Royal College of Music launches major UK-wide virtual museum

Thursday 26 October 2017

 

The Royal College of Music is proud to bring together 5,000 years of musical heritage from 200 UK collections in a major new website documenting 20,000 historically significant musical instruments.

MINIM-UK is a virtual museum featuring information about the UK’s most important musical objects, alongside sound recordings and photographs. From instruments owned by the royal family and composers such as Elgar and Chopin, to ancient Egyptian bone clappers in the form of human hands and an extremely rare narwhal-horn flute, the public will be able to freely explore these fascinating objects in a single virtual location for the first time. 

A contrabass serpent from the University of Edinburgh collection


The instruments, currently held in 200 separate collections across the UK, are collated at www.minim.ac.uk thanks to a major project led by the Royal College of Music, in partnership with the Horniman Museum and Gardens, Royal Academy of Music, University of Edinburgh, and Google Arts and Culture, with funding from the Higher Education Funding Council for England (HEFCE).

Many of the featured collections have not been easily accessible to the public before, having been hidden in local collections and remote locations, unseen in storage or not previously documented online. The MINIM-UK cataloguers travelled over 10,000 miles for 200 days to collect photographs, video and sound recordings and stories spanning from the Scottish Highlands to the South coast.


A Tibetan trumpet from the Horniman Museum & Gardens collection


MINIM-UK aims to promote visitors’ numbers to small local museums across the UK and draw attention to little-known collections. It also dramatically increases the British music presence in international databases such as Europeana and MIMO – the largest worldwide resource on musical instruments funded by the EU in 2009.

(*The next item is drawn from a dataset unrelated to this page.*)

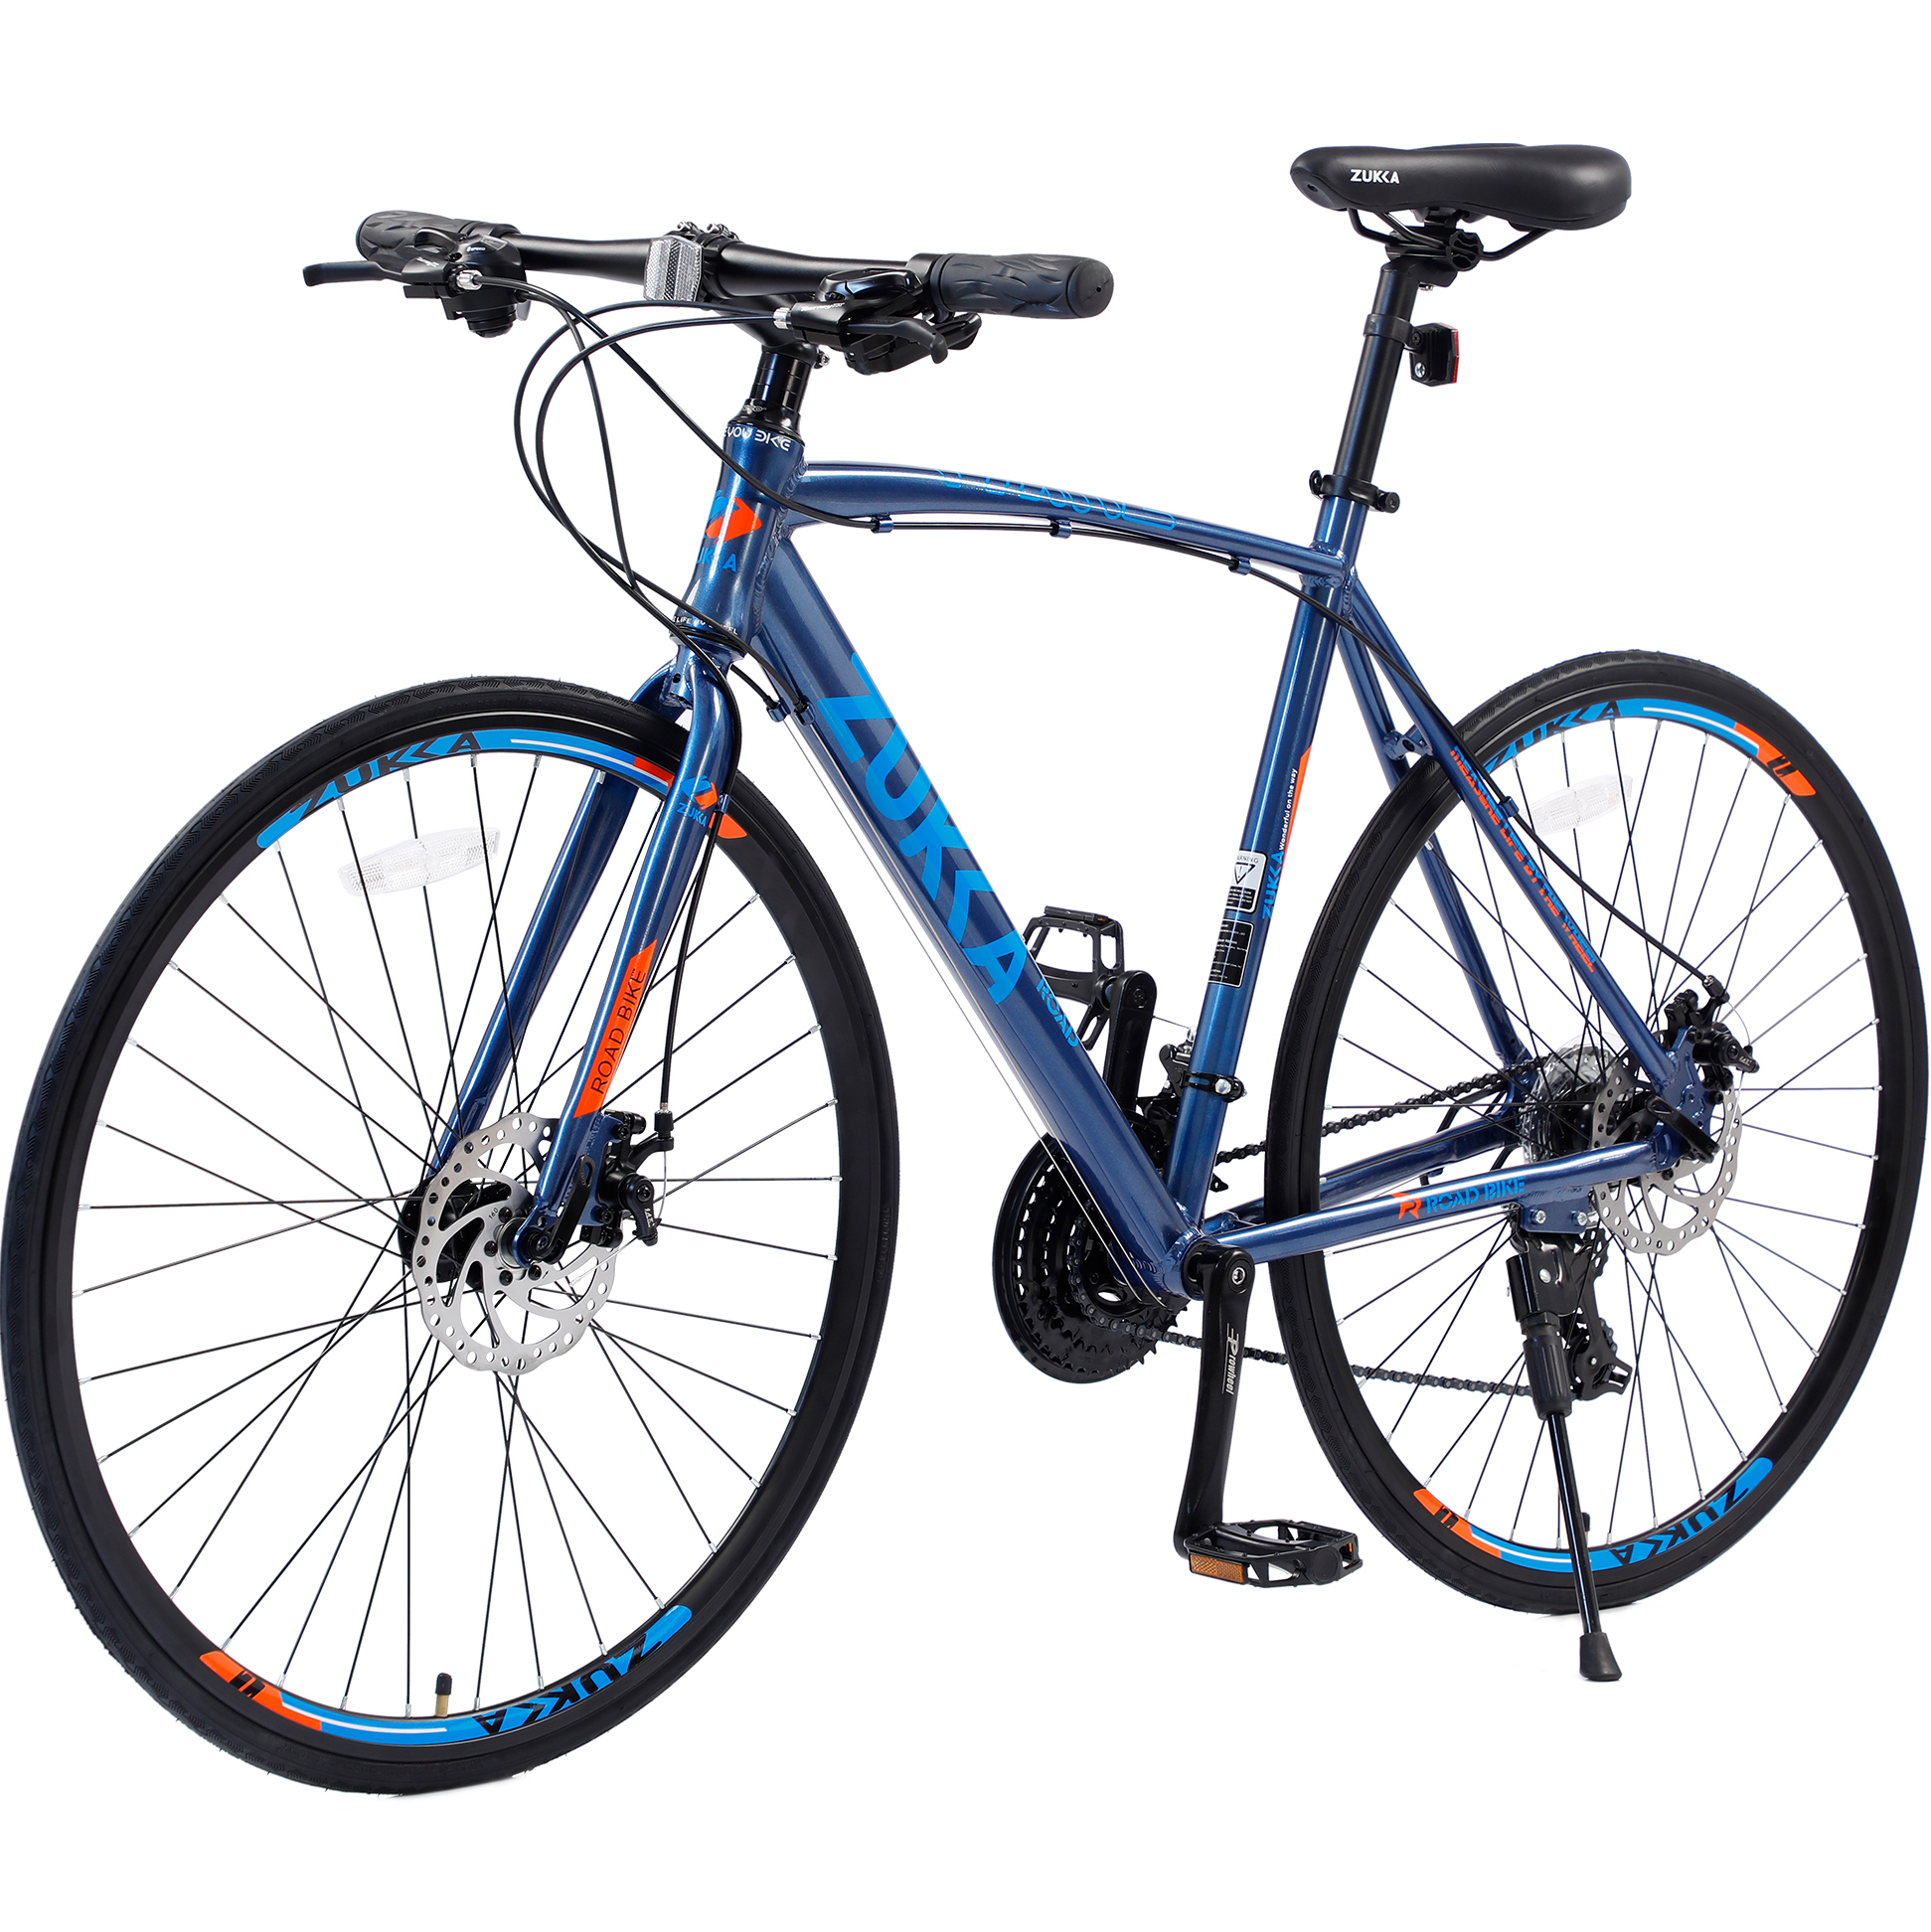 24 Speed Road Bike for Men Women, 700C Aluminum Flat Bar Road Bike with Disc Brakes, Blue - image 1 of 6

Gabriele Rossi Rognoni, Curator of the Royal College of Music, comments, ‘The instruments brought together for MINIM-UK are an important part of our national heritage. It is tremendously exciting to work with Google to enable so many people to connect with these beautiful and intriguing objects. We are delighted that thanks to the wonders of modern technology we have so many ways to allow people to explore these treasures.’